╔══
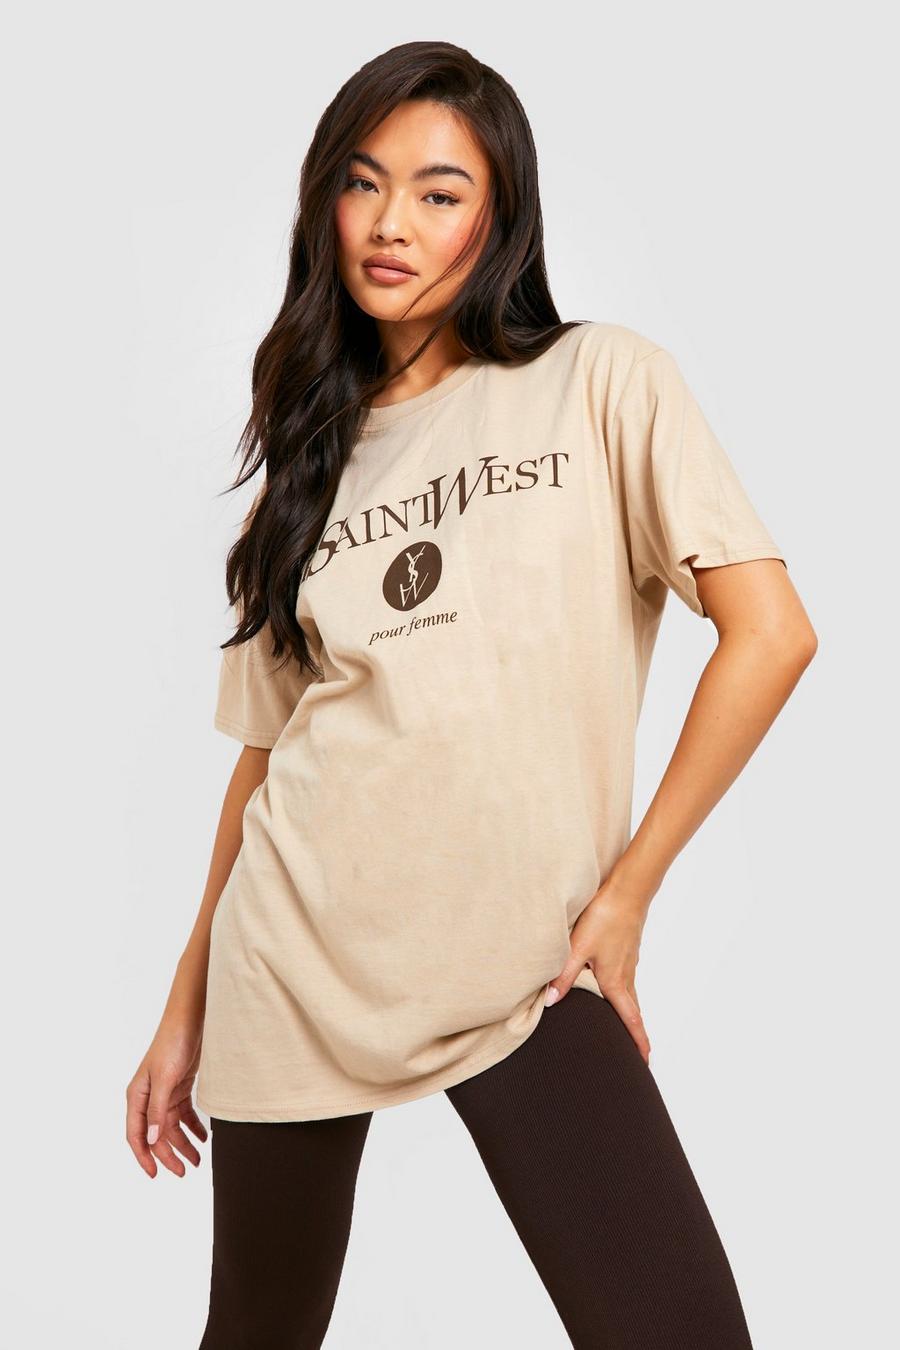 Sand beige Ye Saint West Pour Femme Oversized T-shirt
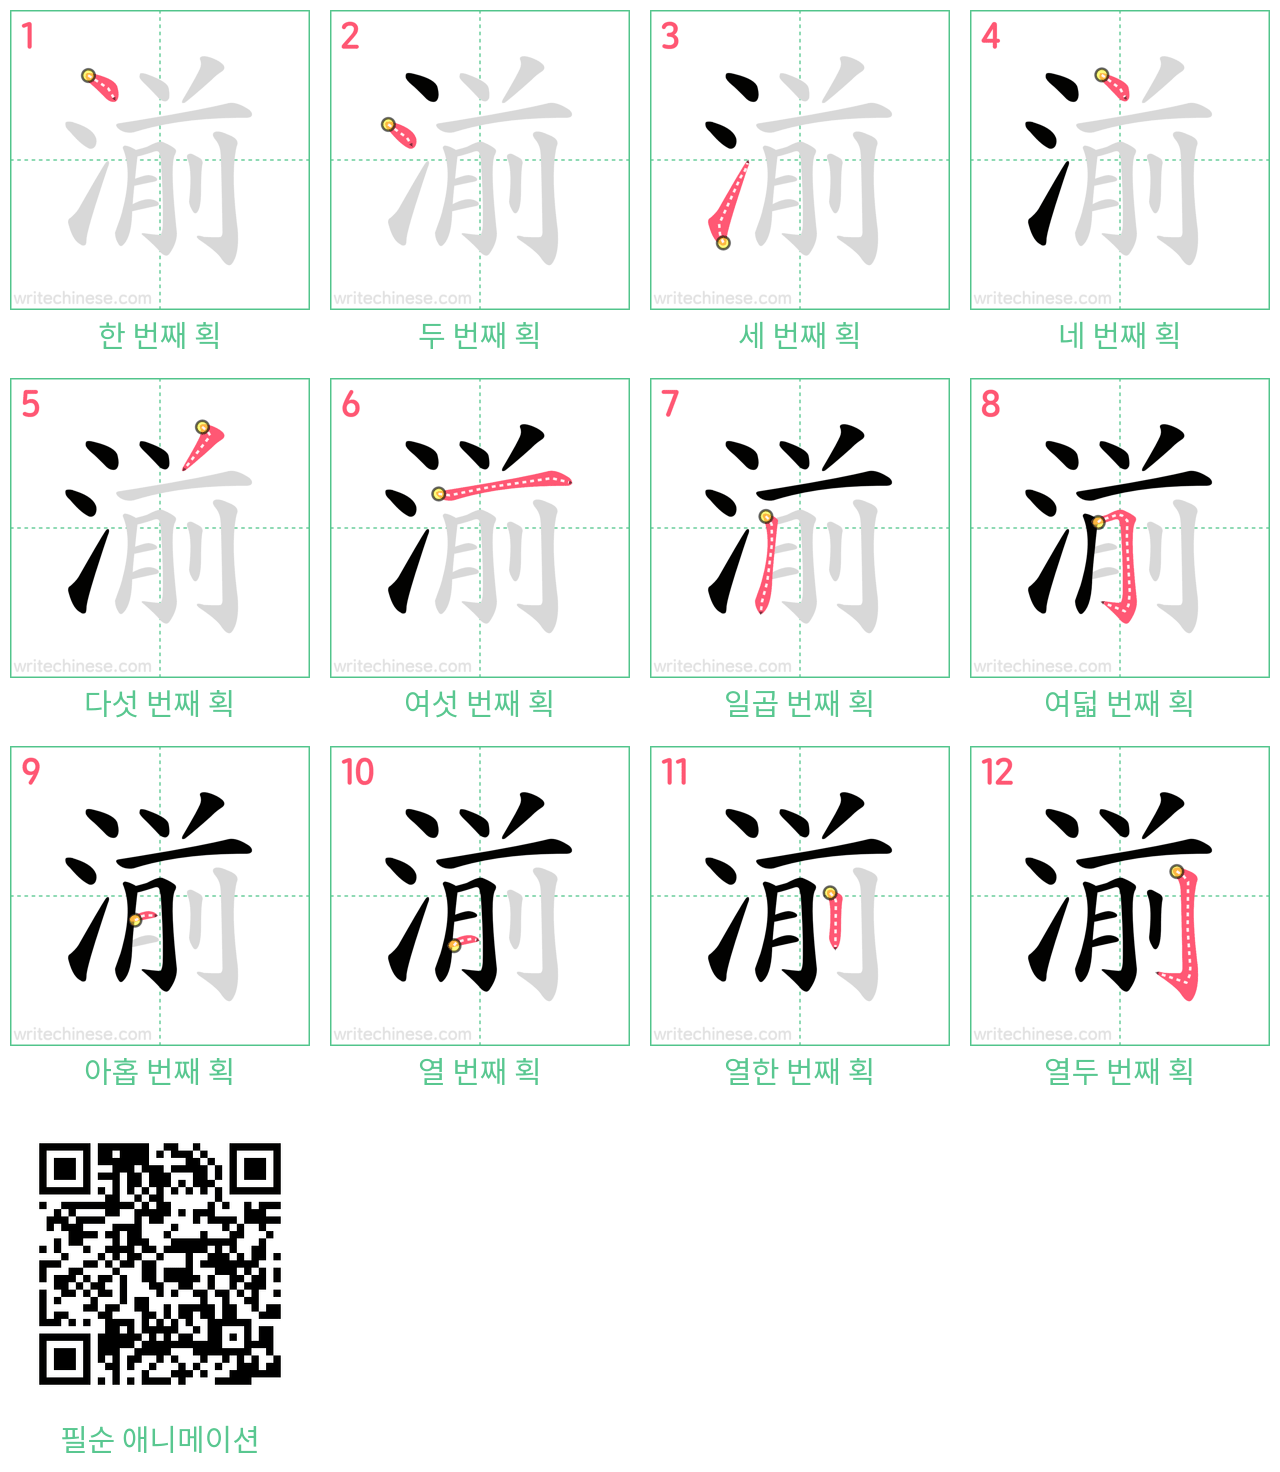 湔 step-by-step stroke order diagrams
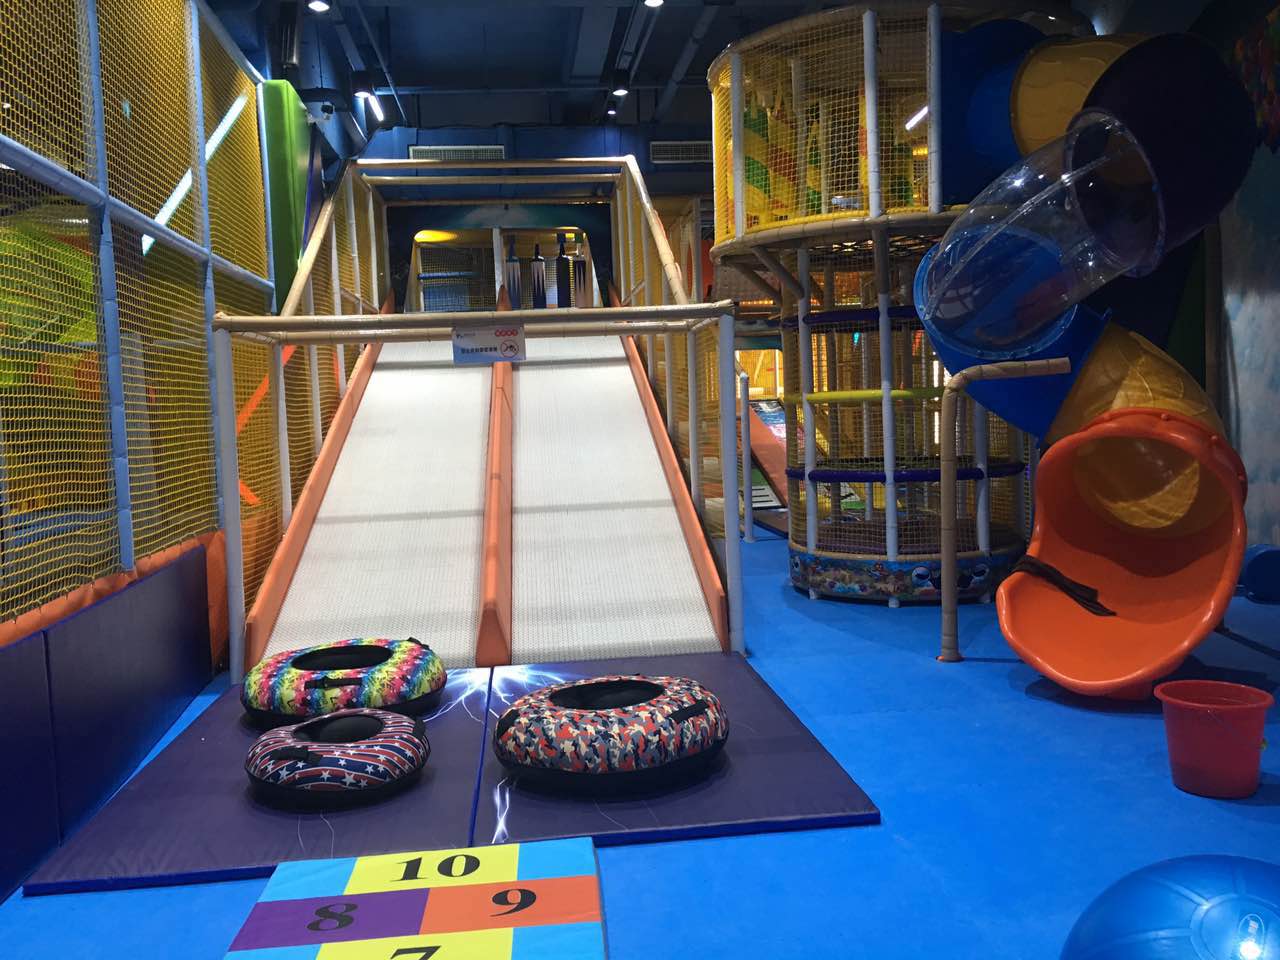 Kids Slide in Soft Playground
╚══
EXERCISE REQUIREMENTS:
An exact copy of all the data above is required; omit any pictures.

RESPONSE BELOW:
 Sand beige Ye Saint West Pour Femme Oversized T-shirt
 湔 step-by-step stroke order diagrams
 Kids Slide in Soft Playground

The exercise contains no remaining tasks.